The argument is in any event premature, as there have been no restrictions placed on the Respondent during counselling which need to be analysed in accordance with the provisions of the Charter.

Once again, I’m unimpressed.

First para: It’s certainly correct that the Charter didn’t apply to the Dental Practice Board’s determinations, as they all happened before 1/1/8 (Charter s. 49(3)). But that doesn’t mean that the Charter can’t affect VCAT’s determination. Presumably, VCAT wasn’t bound by the conduct mandate on the basis that it was excersing non-adminstrative functions (Charter s. 4(1)(j)). However, what about an argument based on interpretation of the Health Professions Registration Act, in particular the crucial definition of ‘professional misconduct’ as ‘conduct that violates or falls short of, to a substantial degree, the standard of professional conduct observed by members of the profession of good repute and competency’? The right to freedom of expression at least raises the issue of whether mere imparting of information can meet such a standard.
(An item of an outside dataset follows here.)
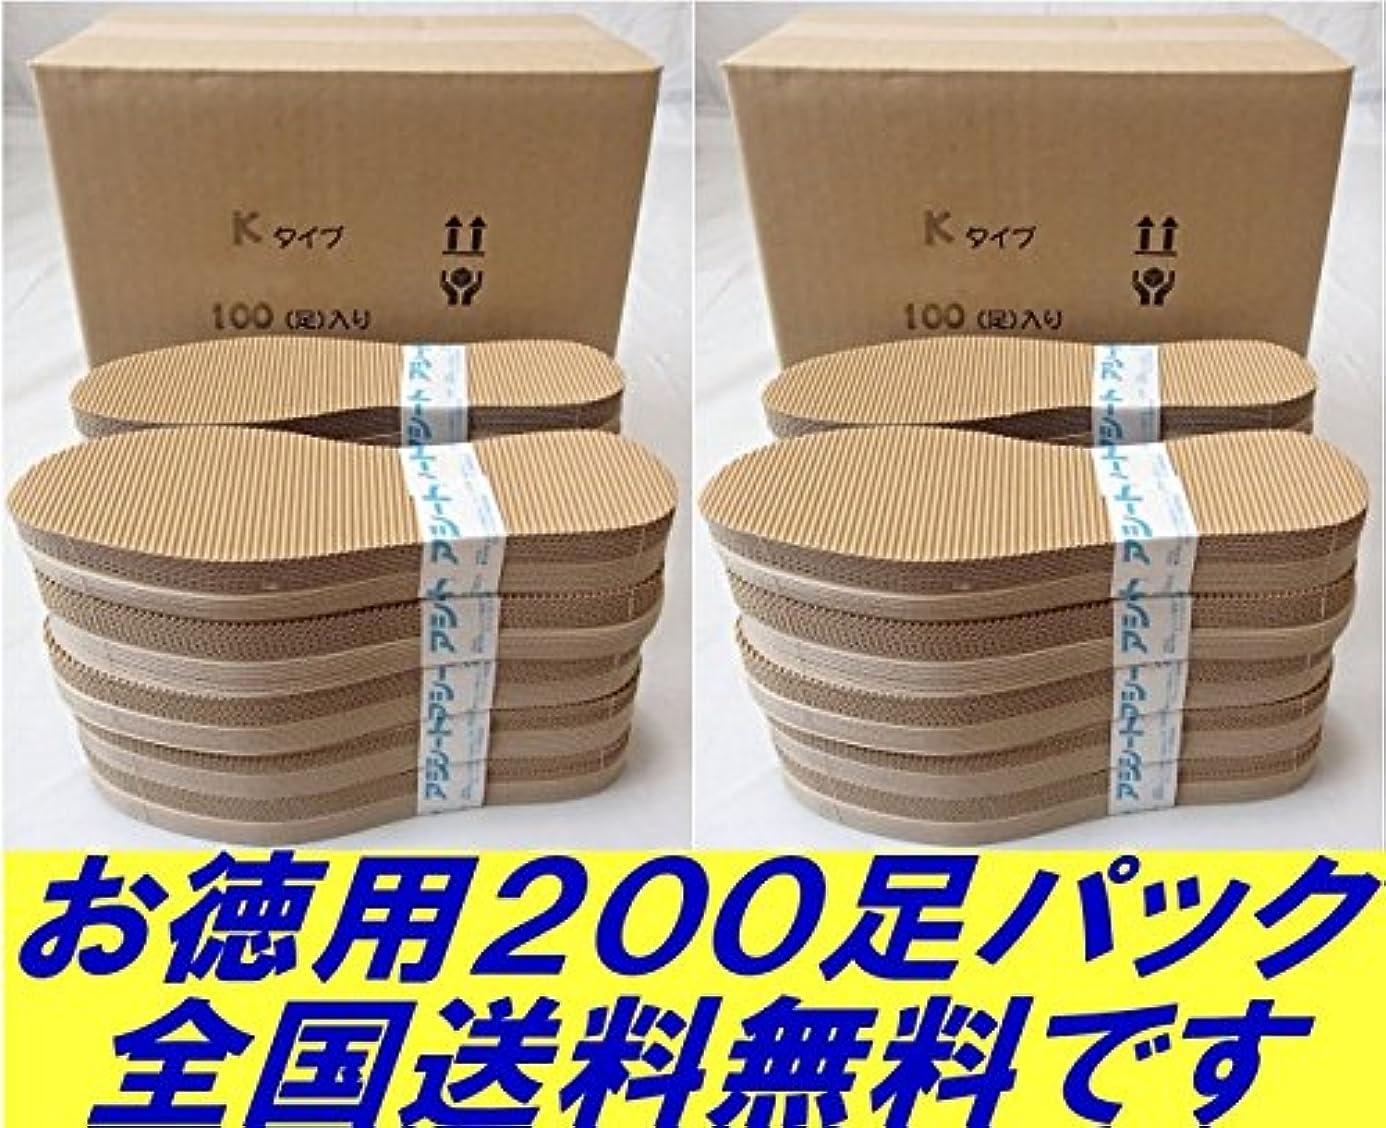 戦術断線メトロポリタンアシートKタイプお得用パック200足入り (25.5~26.0cm)
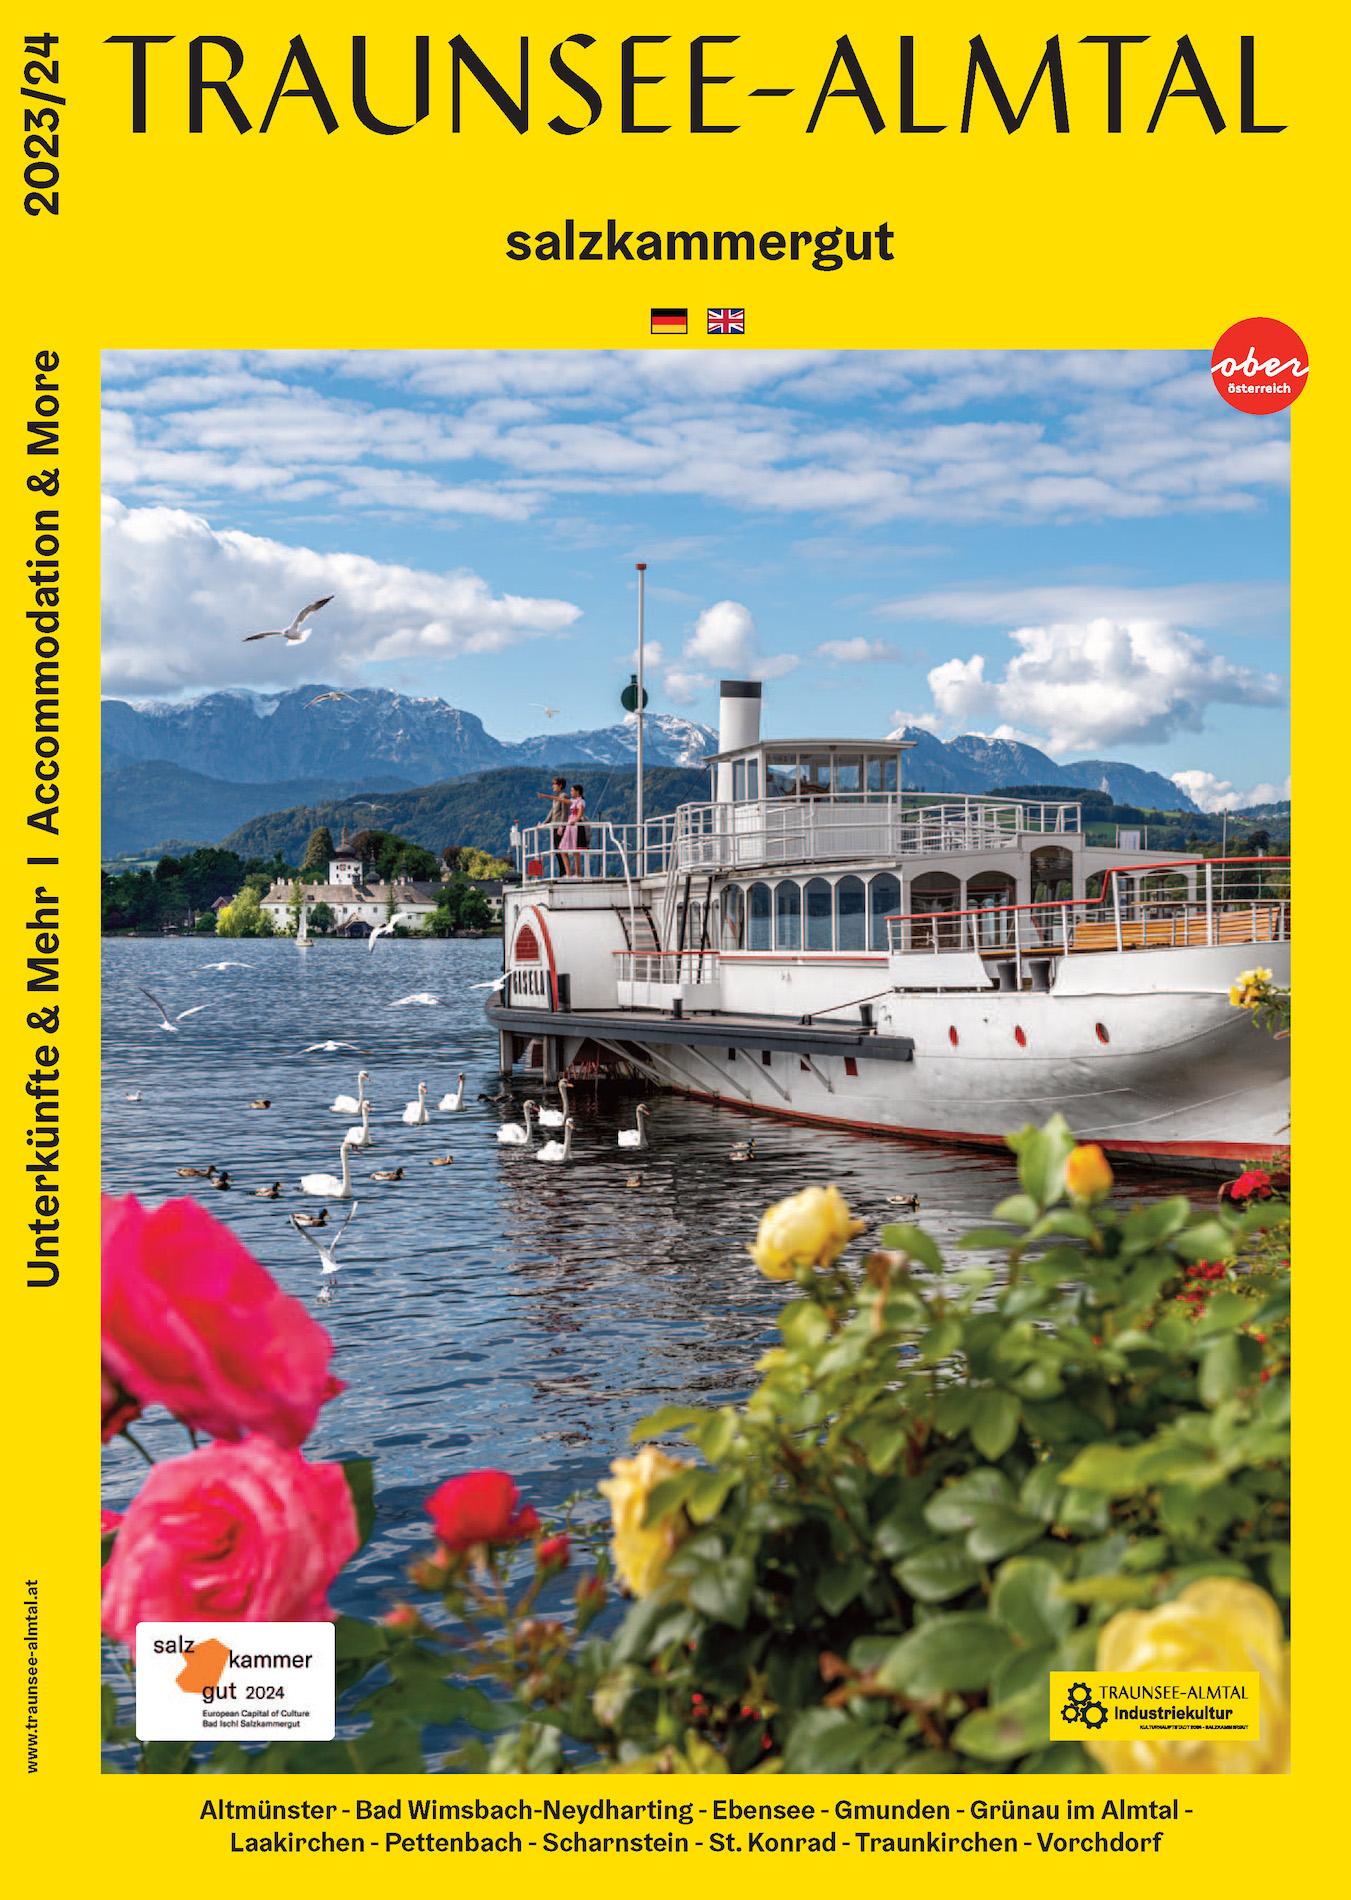 Oberösterreich - Gastgeberverzeichnis Ebensee 2017 (pdf)

Second para: Again, we see VCAT applying limitations within the Charter (seemingly both Charter ss. 7(2) and 15(3)) to conduct, not laws. I continue to have misgivings about this. Isn’t the relevant issue whether (a) for the interpretation mandate, whether the Health Professionals Registration Act, to the extent that it’s definition of professional misconduct may infringe rights to expression or religion, is either a reasonable limit on those rights or can’t be interpreted to be consistently with the law’s purpose (Charter s. 32(1))?; and (b) for the conduct mandate, whether the Health Professionals Registration Act – or any other applicalbe legislation – makes it reasonable for VCAT or the Dental Practice Board to act incompatibly with Gardner’s rights (Charter s. 38(2))? VCAT’s approach seems to collapse these two stages into a generalised assertion that what the Dental Practice Board did was reasonable. This case shows how such collapsed analysis amounts to almost no analysis.

Third para: Perhaps things will become clearer when the conditions of counselling emerge. But Gardner’s objection is to the whole idea of being counselled for expressing his religious beliefs. Given that counselling is plausibly a form of discipline or restriction on Gardner, it seems like the argument could have been resolved now.

Now, of course, it’s hard to disagree with VCAT’s final conclusion: that Gardner’s reaction to the Board was professional misconduct. He was reprimanded, cautioned and fined. And I’m not planning to get him to do my fillings. But all this non-analysis of the Charter is starting to make my teeth ache.

One thought on “The right to religious dentistry

  1. Dr Gardner did not agree the complaint fairly expressed the circumstances of the day at the surgery.

    The Dental Practice Board required the counsellor to give counselling to ensure Dr Gardner “AVOID (any) DUAL RELATIONSHIPS”. However, the DPB Practice Guidelines permit such … and to cause Dr Gardner to avoid those permitted relationships was contrary to its own practice guidelines and his human rights – and it still is!